Quantitative Structure-Activity Relationship **(QSAR)** is a method used in chemoinformatics and drug discovery to predict the biological activity or properties of chemical compounds based on their chemical structure. The fundamental idea behind QSAR is that **similar molecules have similar activities**, and by analyzing the relationships between molecular structures and their biological effects, one can develop models to predict the activity of new compounds.

QSAR models are widely used in drug discovery to screen large libraries of compounds, prioritizing those most likely to have desired biological effects.

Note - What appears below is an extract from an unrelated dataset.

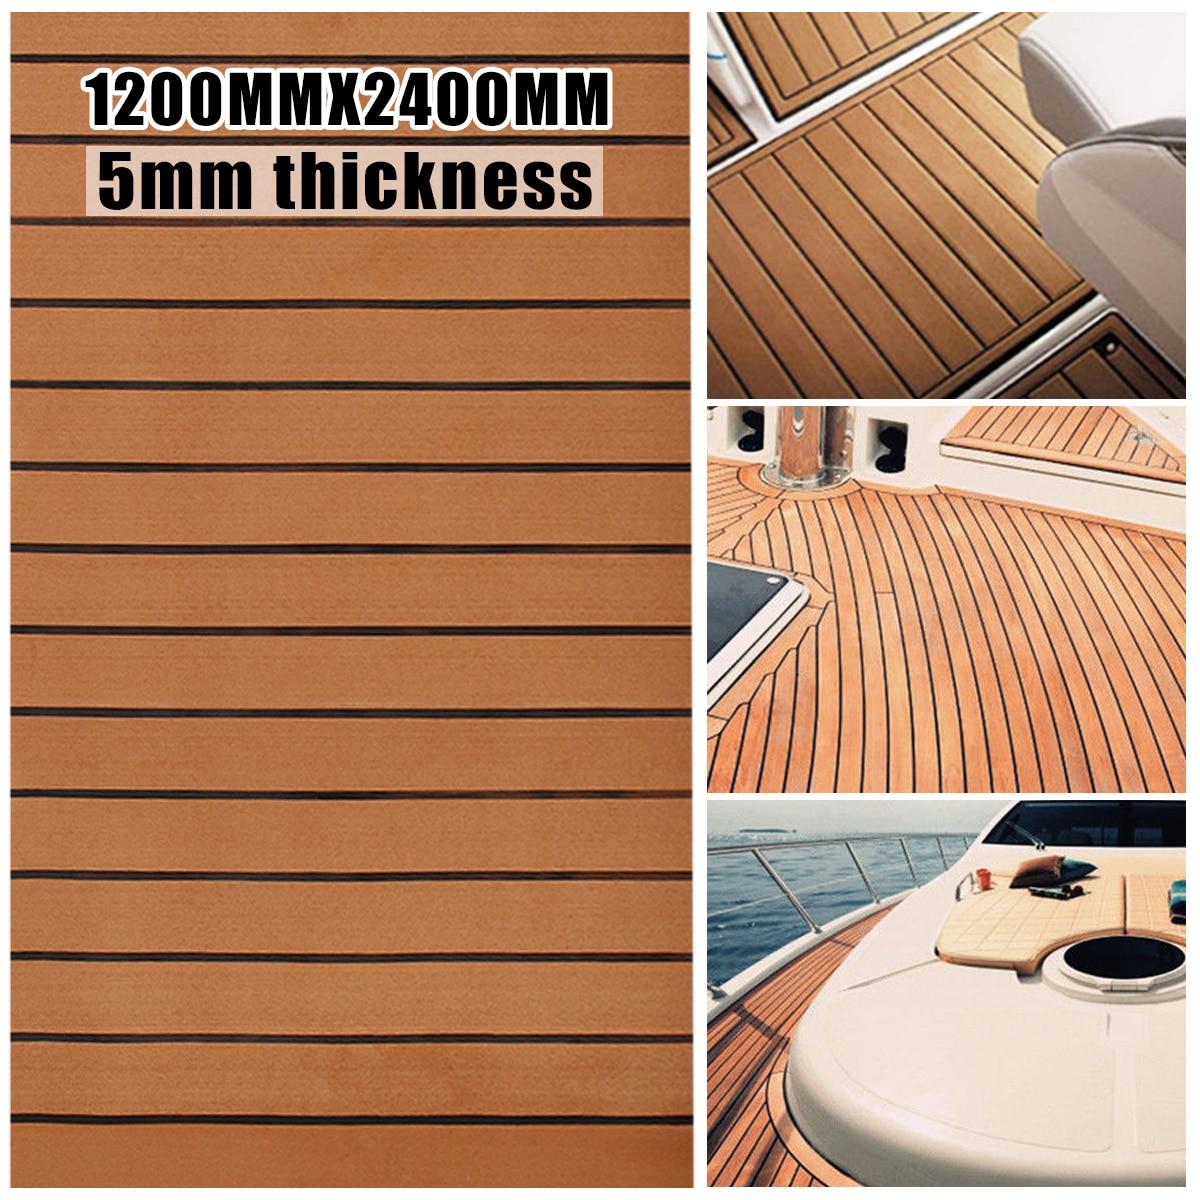 120cmx240cmx5mm Self Adhesive EVA Foam Faux Teak Sheet Boat Yacht Synthetic Teak Decking Brown And Black Wholesale

![](https://drive.google.com/uc?id=1XQ0l_Bi9w_-6XY1NaOK9JIYKwf-GgLRq)




### **Example:**
### **Predicting Drug Activity Using Linear Regression**
How to use linear regression to predict the activity of a set of drug compounds based on their molecular descriptors.

Suppose you have a set of molecules with known inhibitory activity against a particular enzyme. You calculate descriptors like molecular weight, number of hydrogen bond donors, and hydrophobicity. You then **use linear regression to correlate these descriptors with the enzyme inhibition data(Activity)**. The resulting QSAR model can predict the inhibitory activity of new molecules based on their descriptors.


![](https://drive.google.com/uc?id=1o00W4-yx2lXKQCx5G3ti0ybCprOxs4Ec)


In [None]:
# Install RDKit
!pip install rdkit

Collecting rdkit
  Downloading rdkit-2025.3.3-cp311-cp311-manylinux_2_28_x86_64.whl.metadata (4.0 kB)
Downloading rdkit-2025.3.3-cp311-cp311-manylinux_2_28_x86_64.whl (34.9 MB)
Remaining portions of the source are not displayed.